そこで、宇佐野さんは何故かシャオ君をじ~っと見つめだした。
「・・・嫌ですよ?」
「却下です」
宇佐野さんはシャオ君にぴらっと一枚の写真を見せる。
シャオ君は吐血して倒れた。
「シャオ~!?」
「・・・わ、わかりました。俺が引き受けます」
・・・君も苦労してるんだね。
ちらっと見えたけど、何故か間学園の高等部の教室を背景にシャオ君がやたらとひらひらで短い袴をはいて、更に女子に取り押さえられていた気がするけどボクは見なかったことにしておくよ。
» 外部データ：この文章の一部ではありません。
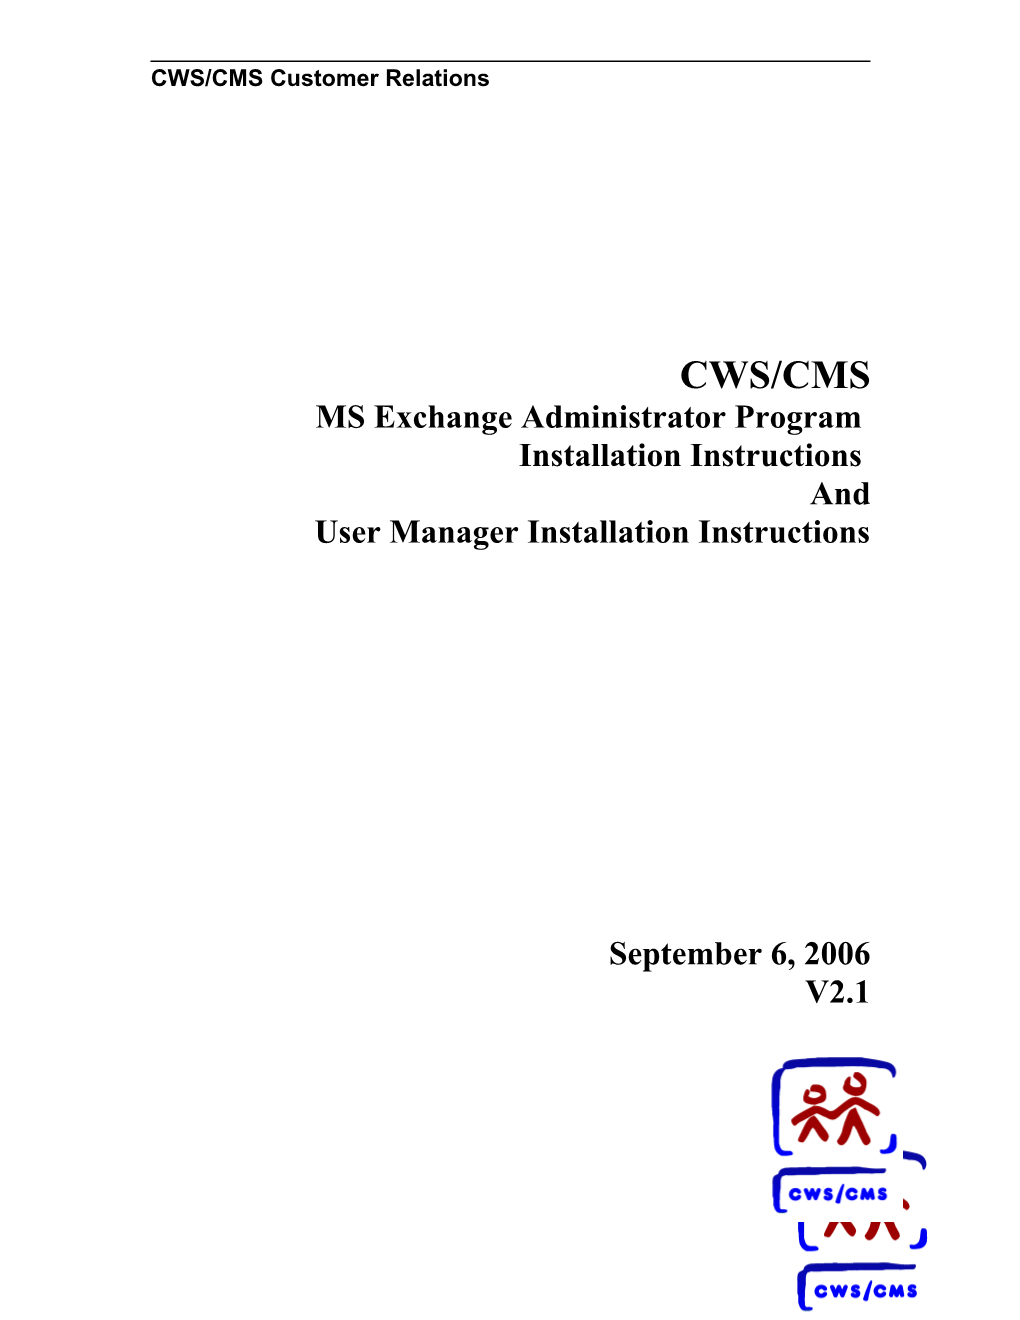 MS Exchange Administrator Program Installation Instructions

うん、あれは袴だよね?断じてスカートとか言うものじゃないよね?
「・・・これでオッケ~☆」
宇佐野さんは手帳を片付けるといつもの調子に戻った。
・・・でも、何故かあんまり大差ないように思える。
「じゃ、決勝のほうはどうする?」
「・・・やっぱ、ある程度こっちの戦力を見せて相手に絶対届かないって言うのを見せ付けるべきだと思う。そうすれば向こうも下手に手をださないし、出してもボク等じゃなくて龍造さん達が黙っていないと思う」
・・・あの人達、地味に過保護だからね。
むしろ、今回なら頼めば闇討ちとかで敵を全員瞬殺してくれそうな気がする。
でも、今回は冬香をこっちにつけて向こうにその恐ろしさを植え付けるってのも考えてるからな。
「まぁ、だから決勝のルールを少しいじろうと思う」
「んなことできんのか?」
「うん、この大会さ、結構融通が利くんだ。ま、それには双方の了承が必要だけど」
だから、これまでいろいろと例外的なことも進めれてきた。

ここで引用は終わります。